У людей же нашего сословия отношение к заключенным совершенно иное. В их глазах человек, попавший в тюрьму, становится парией. Такие, как я, не имеют право дышать и вообще занимать место под солнцем. Наше присутствие омрачает радость существования для других. Когда нас выпускают на волю, мы повсюду – нежеланные гости. Нам больше не позволено любоваться бликами луны по ночам. Даже детей у нас отбирают. Наши связи с остальным человечеством – самое прекрасное, что у нас было, – оказываются напрочь разорванными. Мы обречены на одиночество, хотя у нас и есть сыновья. Нам отказано в том единственном, что могло бы исцелить и поддержать нас, умиротворить наши изболевшиеся души, явиться чудодейственным бальзамом для наших истерзанных сердец.

Ко всему этому добавилось то обстоятельство (для тебя пустяковое, а для меня крайне важное), что своими поступками и своим молчанием, своими действиями и своим бездействием ты омрачал буквально каждый день моего и без того малорадостного и кажущегося бесконечным заточения. Даже хлеб и вода – основа моего тюремного пайка – потеряли свой вкус по твоей милости. Хлеб казался мне горьким, а вода – солоноватой и затхлой.

Ты только удвоил то горе, которое должен был бы разделить со мной; ты лишь обострил ту боль, которую должен был бы облегчить своим участием. Я знаю, ты этого не хотел. Я абсолютно уверен, что ты этого не хотел. Все объясняется, как я уже писал, «поистине роковым пороком твоего характера – полнейшим отсутствием воображения».

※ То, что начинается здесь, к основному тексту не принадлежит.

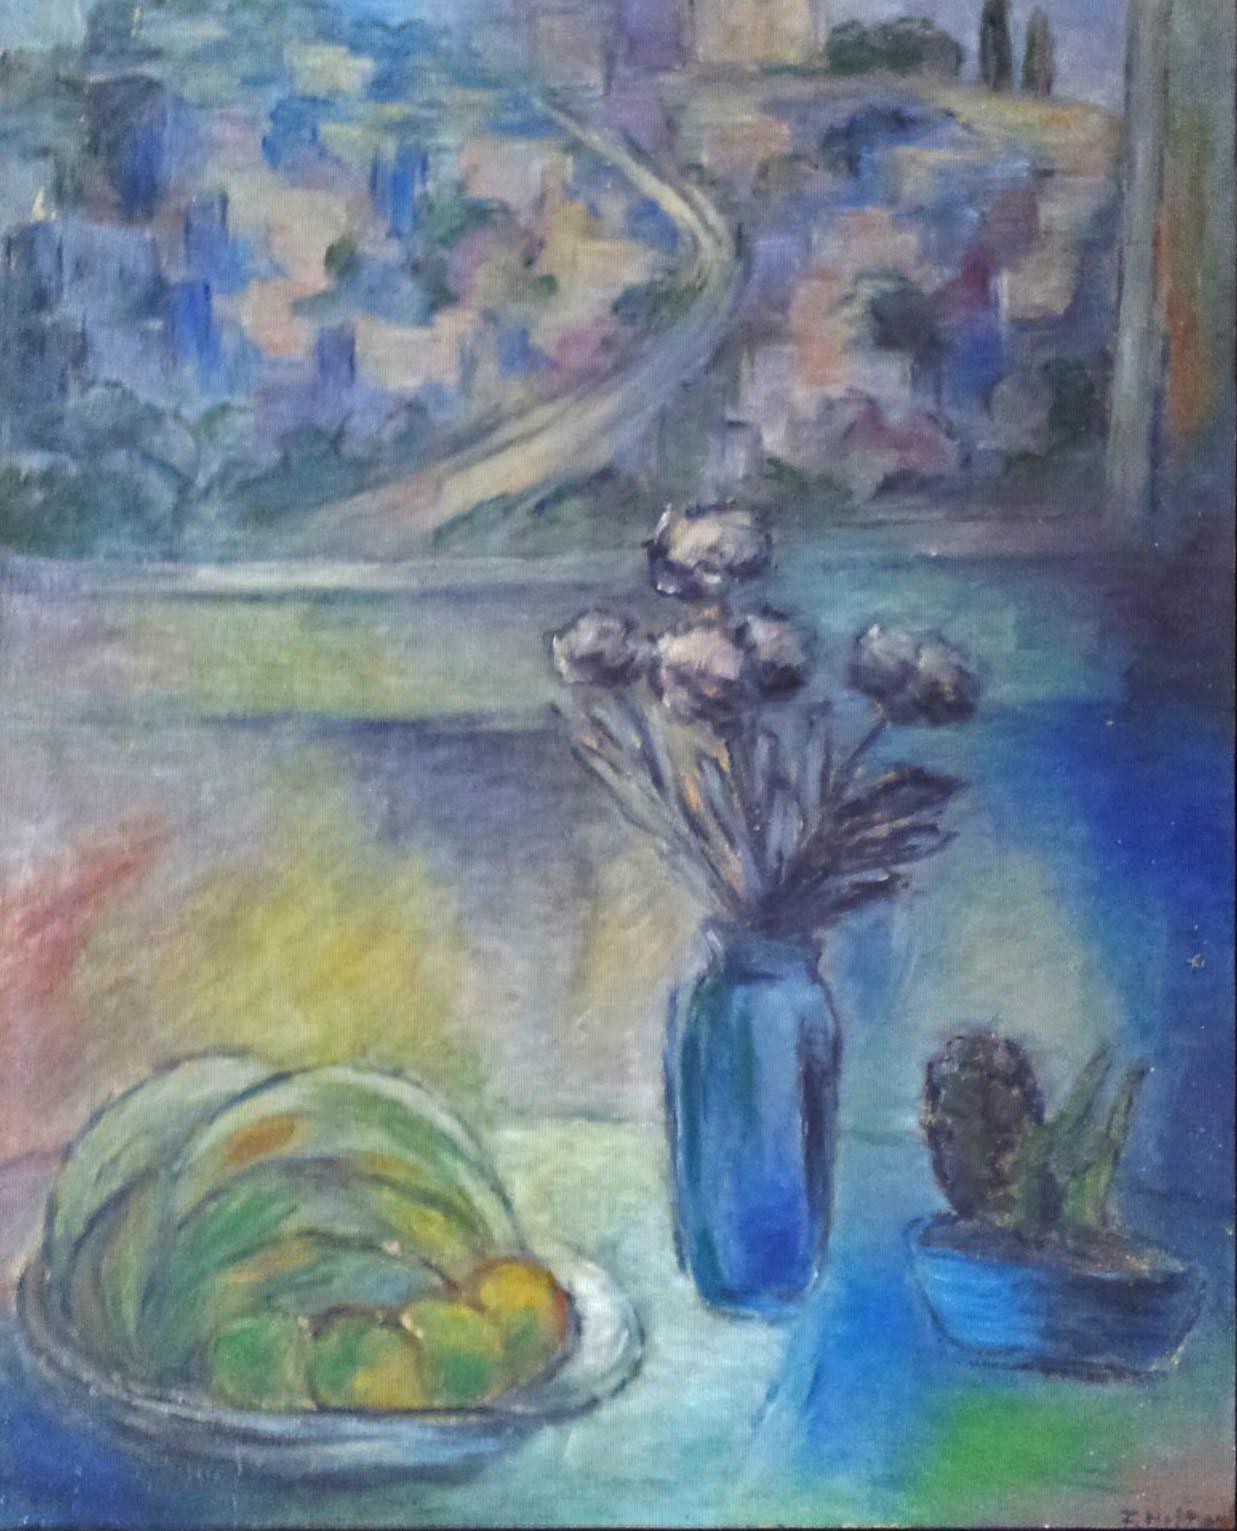 Fanny Hefter Still-Life Painting - Flowers and Still Life by the Window - Russian Art Jewish Judaica

В конце концов мне придется простить тебя. Я просто вынужден буду простить тебя. Это письмо я пишу вовсе не для того, чтобы вселить в твое сердце горечь, а чтобы искоренить ее из своего сердца. Я должен буду простить тебя ради себя самого. Человек не может вечно согревать на своей груди змею, которая жалит его. Он не может вставать еженощно и сеять тернии в саду души своей. Мне будет нетрудно простить тебя, если ты мне хоть немного поможешь. Как бы ты ни поступал со мной в прежние времена, я всегда прощал тебя легко и с готовностью. Но тогда это тебе не пошло на пользу. Только тот, чья жизнь ничем не запятнана, может с легкостью прощать прегрешения другим людям.

В данную же минуту, когда я сижу в заточении, униженный и обесчещенный, я не могу себя считать таковым. Поэтому мое прощение должно значить для тебя очень много. Когда-нибудь ты это поймешь. Но когда бы ты это ни понял – сейчас или позже, в скором времени или вообще никогда, – мое решение останется неизменным.

Я не могу допустить, чтобы ты прошел через жизнь, неся в своем сердце тяжкое бремя сознания, что ты погубил такого человека, как я. Мысль об этом или сделает тебя еще более бессердечным, или заставит тебя ужасно страдать.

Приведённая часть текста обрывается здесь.